Procédure devant la cour :
Par une requête, enregistrée le 4 juin 2020, le syndicat mixte des eaux et de l'assainissement de Mayotte (SMEAM), représenté par Me A..., demande au juge des référés de la cour :
1°) d'annuler cette ordonnance du 27 mai 2020 du juge des référés du tribunal administratif de Mayotte ;
2°) de rejeter la requête de la société Colas Mayotte ;
3°) de mettre à la charge de la société Colas Mayotte une somme de 4 000 euros au titre de l'article L. 761-1 du code de justice administrative.
Il soutient que :
- l'ordonnance attaquée est irrégulière en ce que le principe du contradictoire a été méconnu, en ce qu'il n'a pas bénéficié d'un délai suffisant pour assurer sa défense ;
- s'agissant des sommes relatives aux créances en principal des sociétés intimées, ces créances ne sont pas fondées ou sont, à tout le moins, sérieusement contestables ;
- en ce qui concerne les intérêts, leur calcul est erroné puisque la date revendiquée de leur point de départ ne peut être déterminée en l'absence de caractère certain, liquide et exigible des créances des sociétés intimées.

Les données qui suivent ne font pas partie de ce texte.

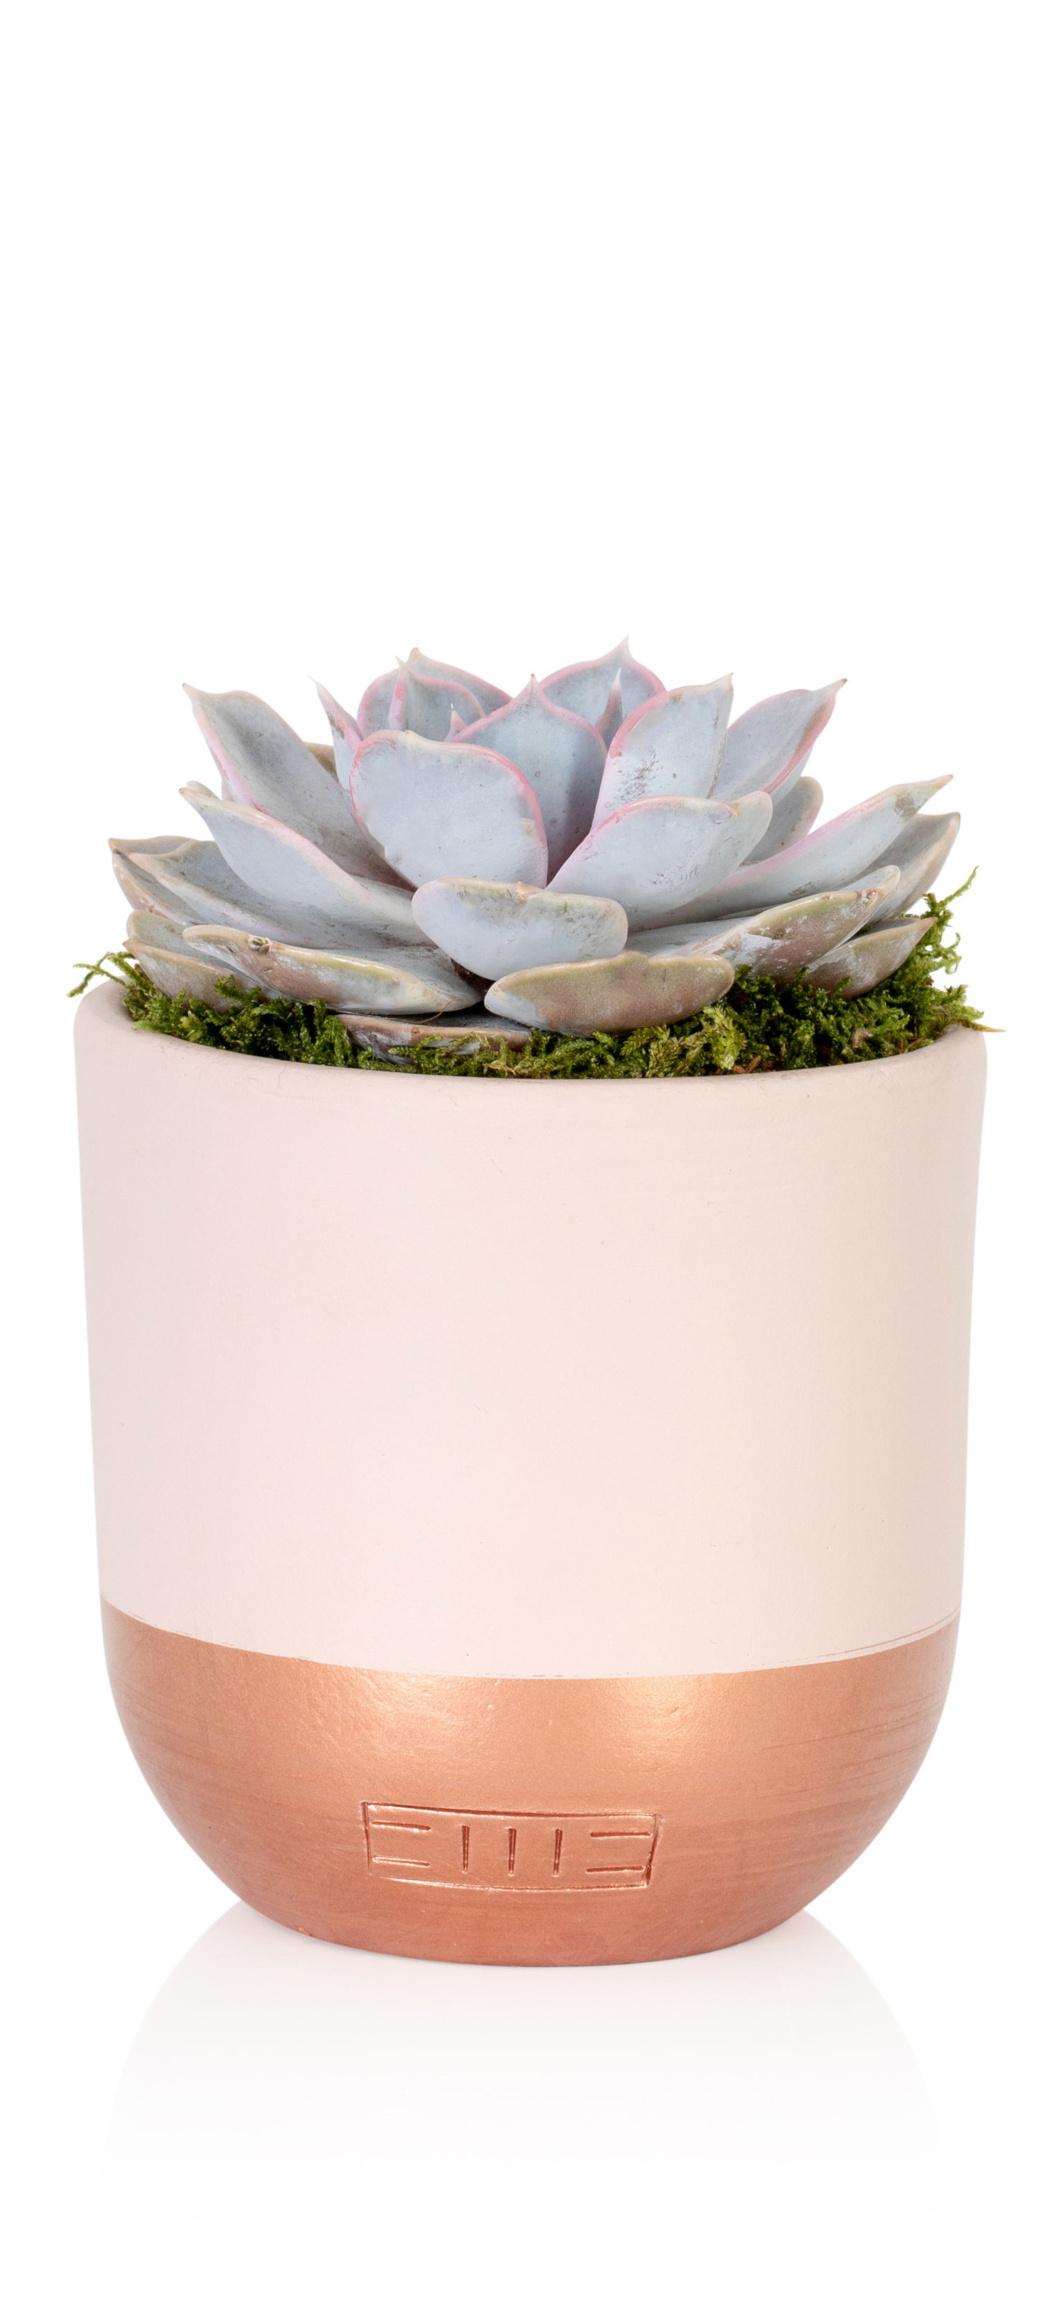 Little Botanical offers image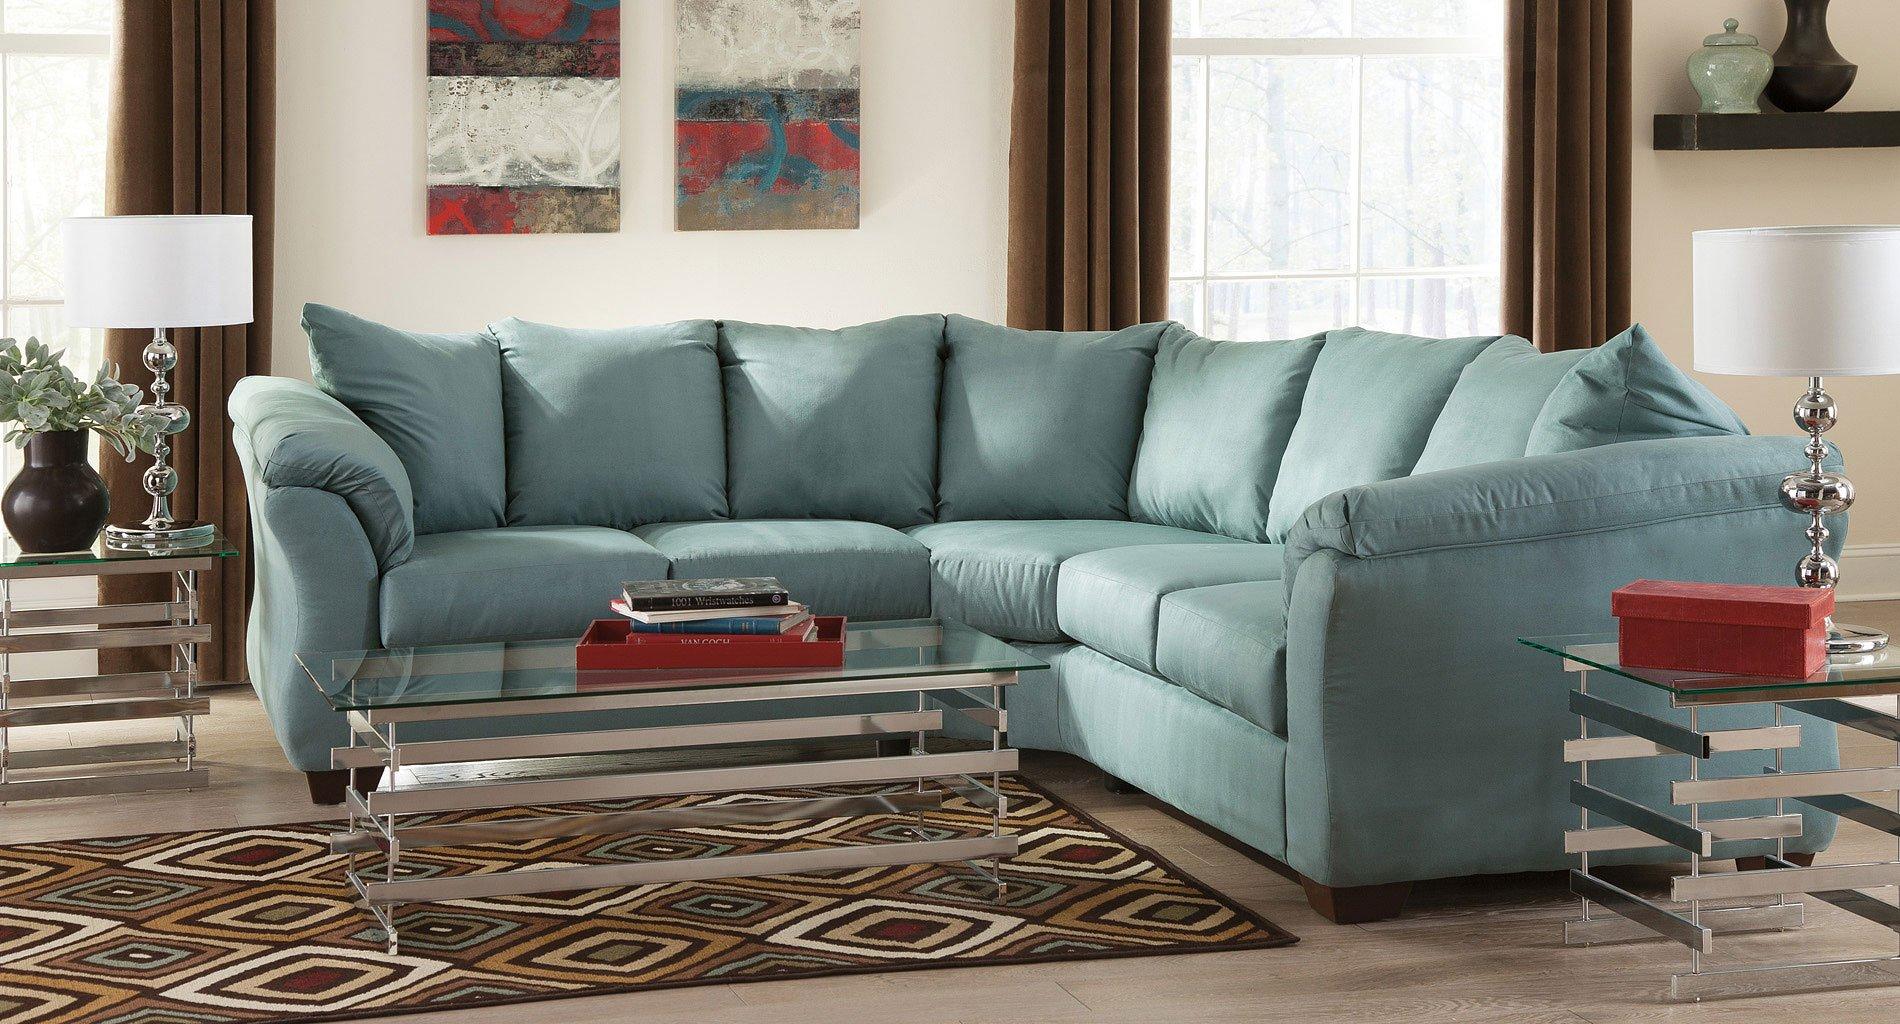 darcy sky sectional living room set by signature design by ashley furniturepick. Black Bedroom Furniture Sets. Home Design Ideas

Vu les autres pièces du dossier.
Vu le code de justice administrative.
La présidente de la cour a désigné M. B... en application du livre V du code de justice administrative.
Considérant ce qui suit :
1. Le syndicat intercommunal des eaux et de l'assainissement de Mayotte (SIEAM), aux droits duquel est venu le syndicat mixte des eaux et de l'assainissement de Mayotte (SMEAM), a conclu avec la société Colas Mayotte un marché de travaux reçu en préfecture le 7 avril 2015 portant sur le lot n° 1 " construction d'un réservoir de 3000 m3 " dans le cadre du renforcement des réseaux d'adduction d'eau potable du sud dans le village de Sada pour un prix de 1 280 663,04 euros. L'ordre de service a été notifié le 19 octobre suivant. Les sociétés SOS Insectes et Etanchéité Australe ont été agréées comme sous-traitant par le SIEAM. La direction des services techniques du SIEAM a visé, le 9 novembre 2015, l'état d'acompte relatif à l'avance forfaitaire due à Colas Mayotte pour un montant de 64 033,15 et le BET EIC en a fait de même le 9 novembre 2016. Puis, le maître d'oeuvre a visé, le 20 février 2017, l'état d'acompte n° 1 d'un montant total de 300 091,52 euros, reçu le 7 septembre 2016. À la même date, il a visé, pour un montant de 250 470,57 , l'état d'acompte n° 2 présenté par Colas Mayotte, état reçu le 7 septembre 2016, dont 243 896,57 revenant à cette société, une fois défalquée celle revenant au sous-traitant SOS Insectes, ainsi que l'état d'acompte n° 3, reçu le 8 septembre 2016, de Colas Mayotte, pour un montant de 264 965,72 . Toujours le 20 février 2017, le même maître d'oeuvre a visé l'état d'acompte n° 4 présenté par Colas Mayotte, pour un montant de 77 399,81 , reçu le 10 octobre 2016, dont 53 267,62 revenant à Colas Mayotte, et un état d'acompte n° 5, reçu le 9 novembre 2016, pour un montant de 37 050,89 dont 9 446,08 à revenir à Colas Mayotte. Les différentes sommes concernant Colas Mayotte, se retrouvent, au demeurant, dans un mandat du SIEAM en date du 27 mars 2017. Le 3 décembre 2018 le BET EIC a visé l'état d'acompte n° 6 faisant ressortir un montant total de 1 155 286,46 incorporant, pour un montant de 161 274,81 , les travaux correspondant à l'état n° 6 et à cette même date il a accepté, d'une part, l'état d'acompte n° 7 faisant ressortir un montant total de 1 191 052,93 , incorporant, pour un montant de 35 766,46 , les travaux correspondant à l' état n° 7, et, d'autre part, l'état d'acompte n° 8 faisant ressortir un montant total de 1 255 063,19 et incorporant, pour un montant de 64 010,26 les travaux correspondant à cet état n° 8.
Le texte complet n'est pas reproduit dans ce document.